De bodemkwaliteit en de diensten die de bodem levert hebben zelfs een nauw verband
met elkaar. Alleen een gezonde bodem heeft het natuurlijke vermogen om dergelijke
diensten aan de maatschappij te leveren. In die zin zijn deze diensten ook een indicator
van de bodemgezondheid. De diensten mogen door de bodemgebruiker ten volle benut worden,
mits dit op een duurzame wijze gebeurt.
Vraag 3:
Hoe denkt de Staatssecretaris over de gedachte dat functie volgt op bodem in plaats
van andersom? En hoe komt dit terug in de EU Bodemstrategie?
Antwoord 3:
Ik ben het met deze gedachte eens. In het coalitieakkoord is het principe «Water en
bodem sturend in de ruimtelijke ontwikkeling» opgenomen, wat in essentie dezelfde
betekenis heeft. Dit wordt de komende tijd verder uitgewerkt.
De EU Bodemstrategie legt meer de nadruk op vitale bodems en niet zozeer op functie
volgt bodem. Beide sporen (vitale bodem + bodem sturend) kunnen prima naast elkaar
bestaan.
Zoals reeds aangegeven in de beantwoording van vraag 1 van D66, is in het coalitieakkoord
aangegeven dat de regering bodem en water sturend wil laten zijn. Dit werk ik nu uit
en dit wordt mijn uitgangspunt bij de uitwerking van de strategie.
Onder meer in de Structuurvisie Ondergrond (STRONG) en de NOVI is het principe bodem
en water sturend al vastgelegd. Volgend op het in het coalitieakkoord vermelde principe
«water en bodem bepalend voor de ruimtelijke ordening» en het NOVI-Programma Bodem
en Ondergrond wordt dit nader uitgewerkt tot concreet gebiedsgericht beleid.
Vraag 4:
Hoe is het belang van mycorrhizaschimmels meegenomen in de EU Bodemstrategie?
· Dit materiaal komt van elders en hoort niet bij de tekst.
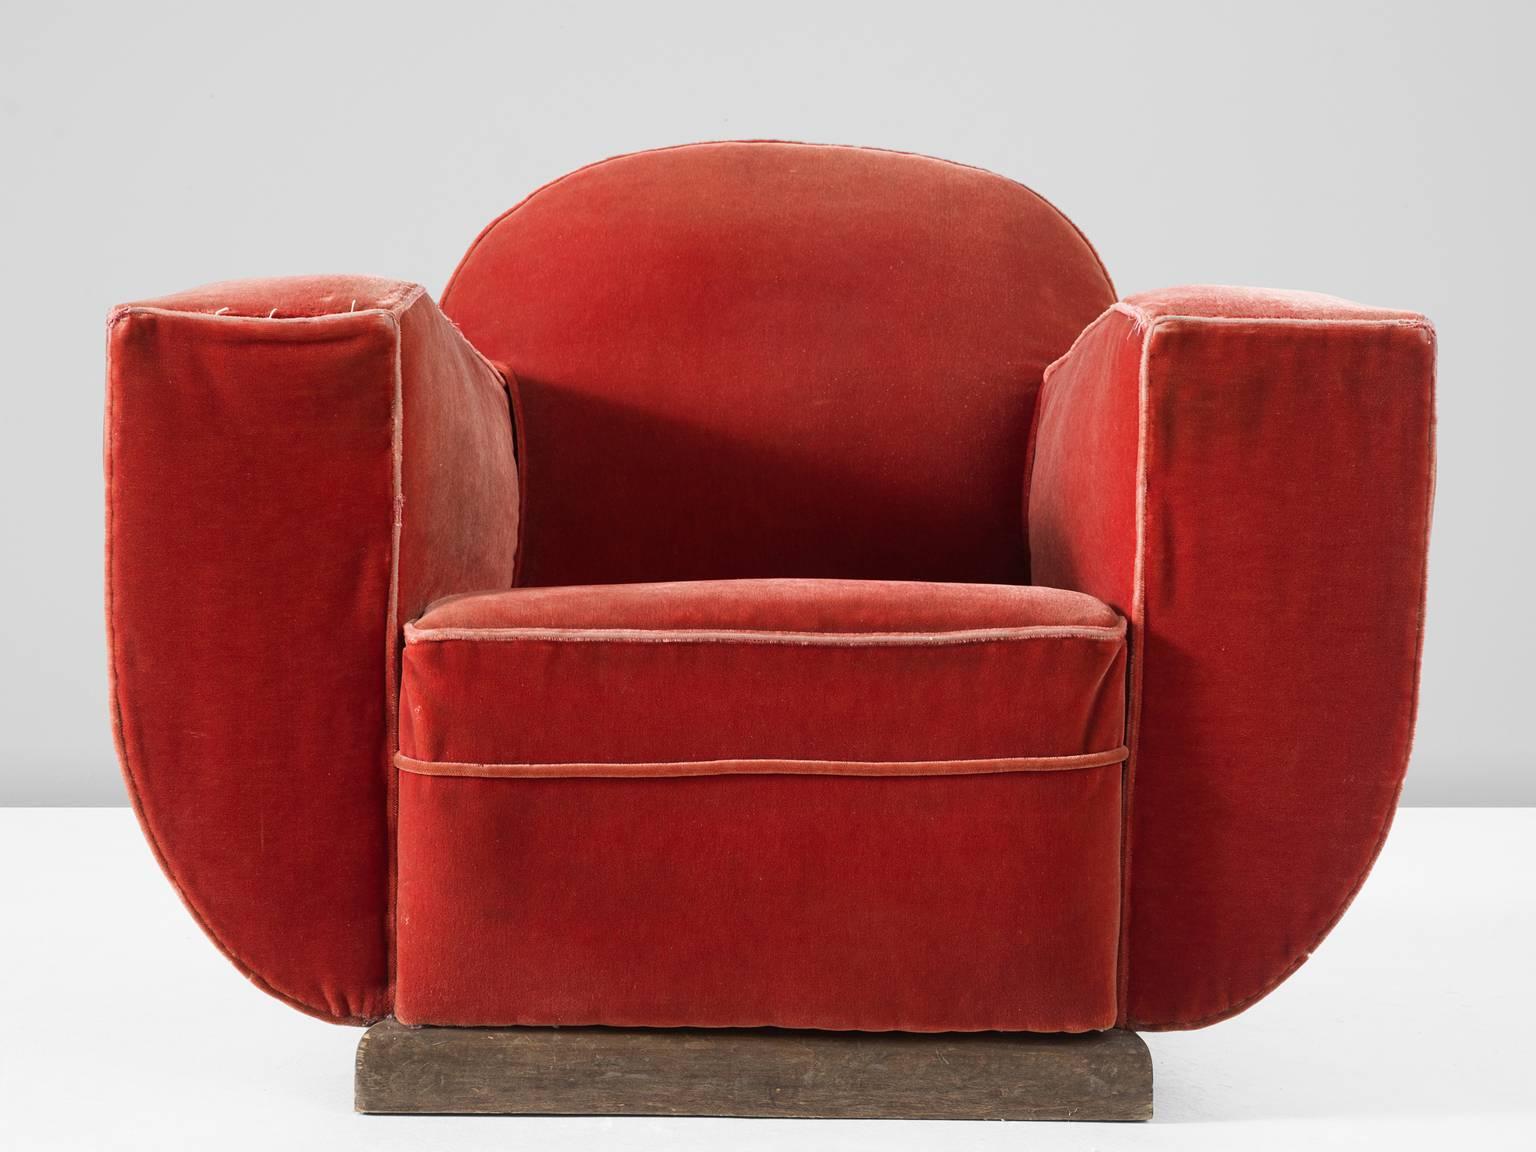 Pair of French Art Deco Club Chairs in Red Mohair Upholstery 1

Is de Staatssecretaris het ermee eens dat in het belang van de bodem en het bos, natuurbossen
niet gekapt mogen worden?
Antwoord 4:
In het Staff Working Document bij de EU Bodemstrategie wordt het belang van Mycorrhizaschimmels
voor het herstel van beschadigde en uitgeputte bodems om sterke planten netwerken
te realiseren expliciet benoemd. Het stimuleren van de aanwezigheid van deze schimmels
om te komen tot een sterkere biodiversiteit van het bodemleven wordt door de Commissie
in de EU Bodemstrategie gezien als een belangrijk onderdeel van duurzaam bodembeheer
voor klimaatadaptatie en -mitigatie. Mede daarom stelt de Commissie voor om samen
met de lidstaten en andere belanghebbenden een lijst met duurzame bodembeheerpraktijken
op te stellen.
In de Nederlandse Bossenstrategie is opgenomen dat voor alle bossen een maximale oppervlakte
voor vlaktekap van een halve hectare geldt.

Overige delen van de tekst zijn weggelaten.